Here’s an example of what the audit committee looks at in a report:
| Audit Report Section | Audit Committee Focus |
| Executive Summary | Key risks and highlights |
| Audit Scope | Was it thorough and risk-based? |
| Observations | Any high-risk issues or repeat problems? |
| Root Cause Analysis | Why did it happen? |
| Management Response | Are the fixes real and on time? |
| Follow-Up Items | Were past issues resolved or ignored? |
Challenges Faced by Audit Committees in India
❌Independence Compromises: Subtle pressure from management or promoters may compromise the Audit Committee’s objectivity, interfering with its ability to challenge financial or control issues effectively.
❌Resource Constraints: Audit Committee members often serve on multiple boards. This may limiting their ability to devote time and expertise to complex issues which require specialized knowledge.
❌Information Overload: Audit Committees often receive large volumes of financial reports close to meetings, reducing their ability to review and analyze the documents meaningfully.
❌Third-Party Risks: Limited oversight of critical third-party vendors exposes companies to potential conflicts, data breaches, or operational failures, as the committee may not always be aware of external risks.
❌Managing Whistleblower Complaints: Handling sensitive whistleblower complaints requires a high degree of confidentiality, impartiality, and legal understanding. This can be a challenging for the committee
❌Technology Gaps: Rapid digitalization introduces complex fraud risks that may outpace the Audit Committee’s ability to audit, especially in emerging technologies like AI or UPI.
Best Practices for Audit Committees Overseeing Internal Audits
✅ Risk-Based Audit Plans: Review and approve annual internal audit plans based on a comprehensive risk assessment that prioritizes high-risk areas like fraud and cybersecurity.
✅ Mandatory Private Meetings: Hold quarterly private meetings with internal auditors to discuss findings and issues candidly, without management’s presence.
✅ Whistleblower Vigilance: Oversee whistleblower mechanisms and ensure timely investigation of complaints, particularly those related to fraud or misconduct.
✅Tech-Driven Audits: Leverage advanced technologies like data analytics (Power BI, AI) to conduct real-time audits and detect anomalies more efficiently.
✅ Third-Party Audits: Collaborate with external specialist firms like PKC Management Consulting for areas outside the committee’s expertise, while ensuring overall oversight.
✅ Continuous Training: Ensure that Audit Committee members and internal auditors undergo regular training on evolving topics like Ind AS, cybersecurity risks, and ESG regulations to stay current with industry best practices.
✅Insist on Actionable Recommendations: Ensure that internal audit reports contain clear, actionable recommendations and hold management accountable for the timely and effective implementation of corrective actions.
FAQs on Role of Audit Committee in Internal Audit in India
1. What is the role of the audit committee in internal audit in India?

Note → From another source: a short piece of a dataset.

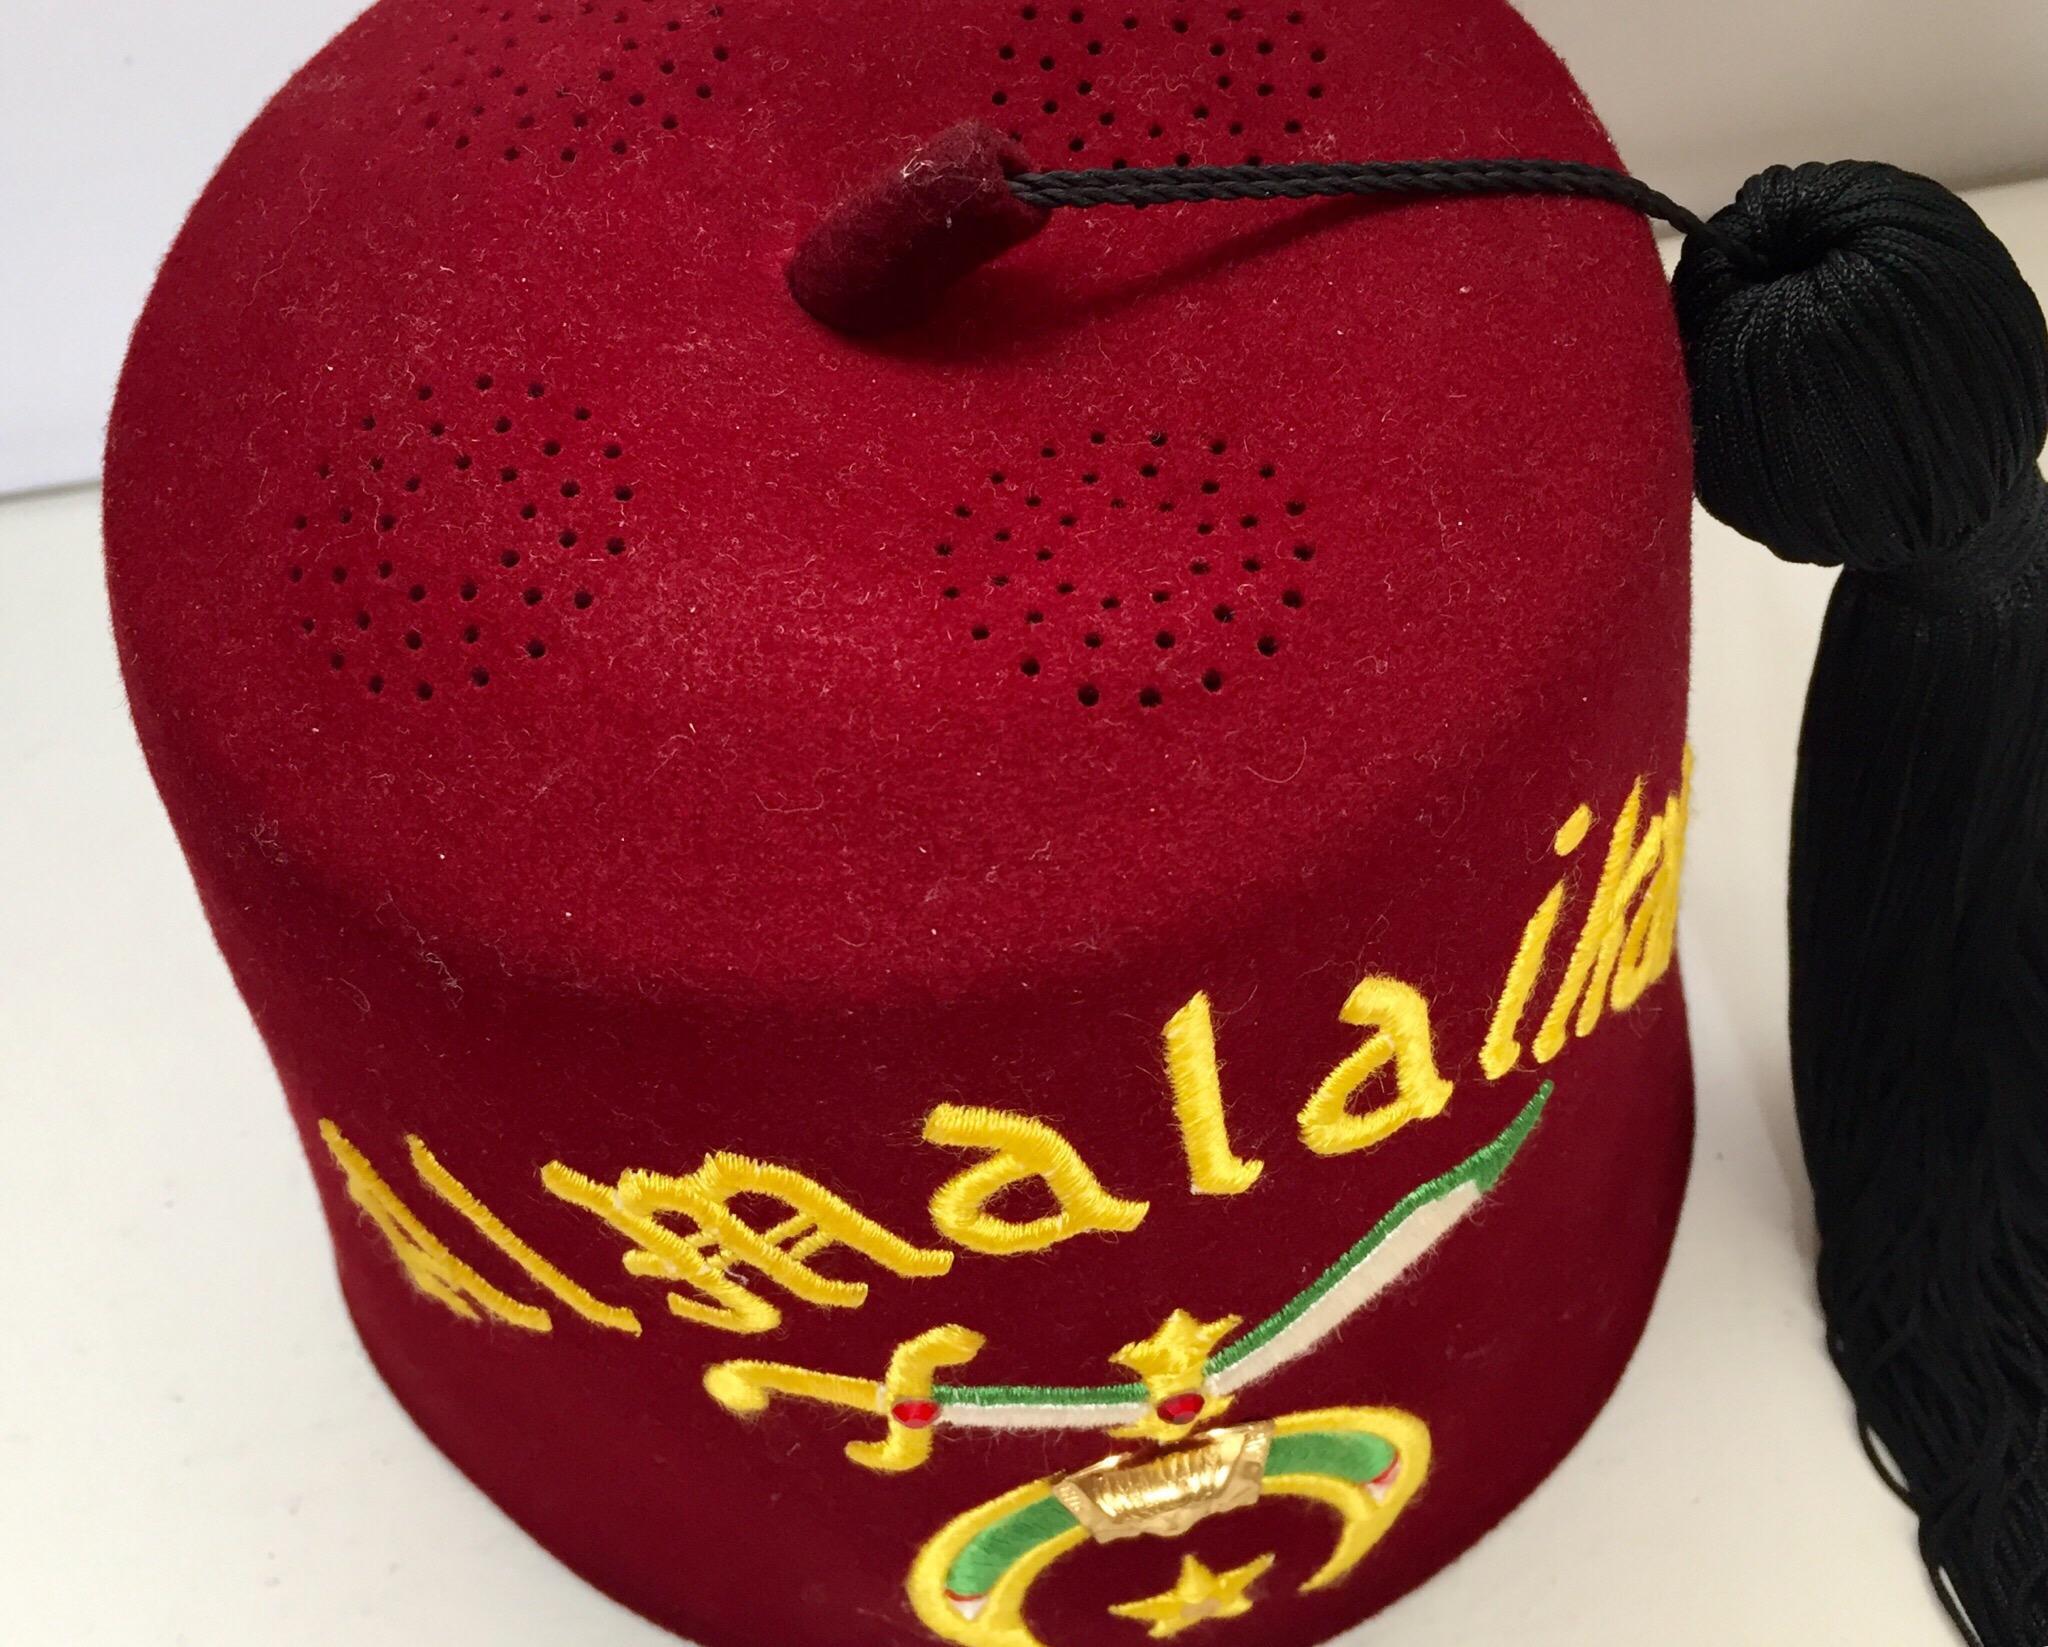 Black AL Malaikah Vintage Iconic Masonic Shriner Burgundy Wool Fez Hat in Original Box For Sale

The audit committee oversees internal audits, ensuring that risks, controls, and compliance issues are properly reviewed. It acts as an independent layer between management and auditors to maintain accountability.
2. Is it mandatory to have an audit committee in Indian companies?
Yes, under Section 177 of the Companies Act, 2013, all listed and certain public companies must form an audit committee. This ensures strong internal controls and better corporate governance.
3. Who appoints internal auditors in Indian companies?
The audit committee is responsible for recommending the appointment, remuneration, and terms of internal auditors. This maintains independence and avoids conflict of interest.
4. How often should the audit committee meet with internal auditors?
SEBI mandates audit committees to meet at least four times a year. In practice, they often meet quarterly to review audit findings and risk assessments.
5. Can internal auditors report directly to the audit committee?
Yes, internal auditors can and should report directly to the audit committee for maximum independence. This avoids management interference and supports transparency.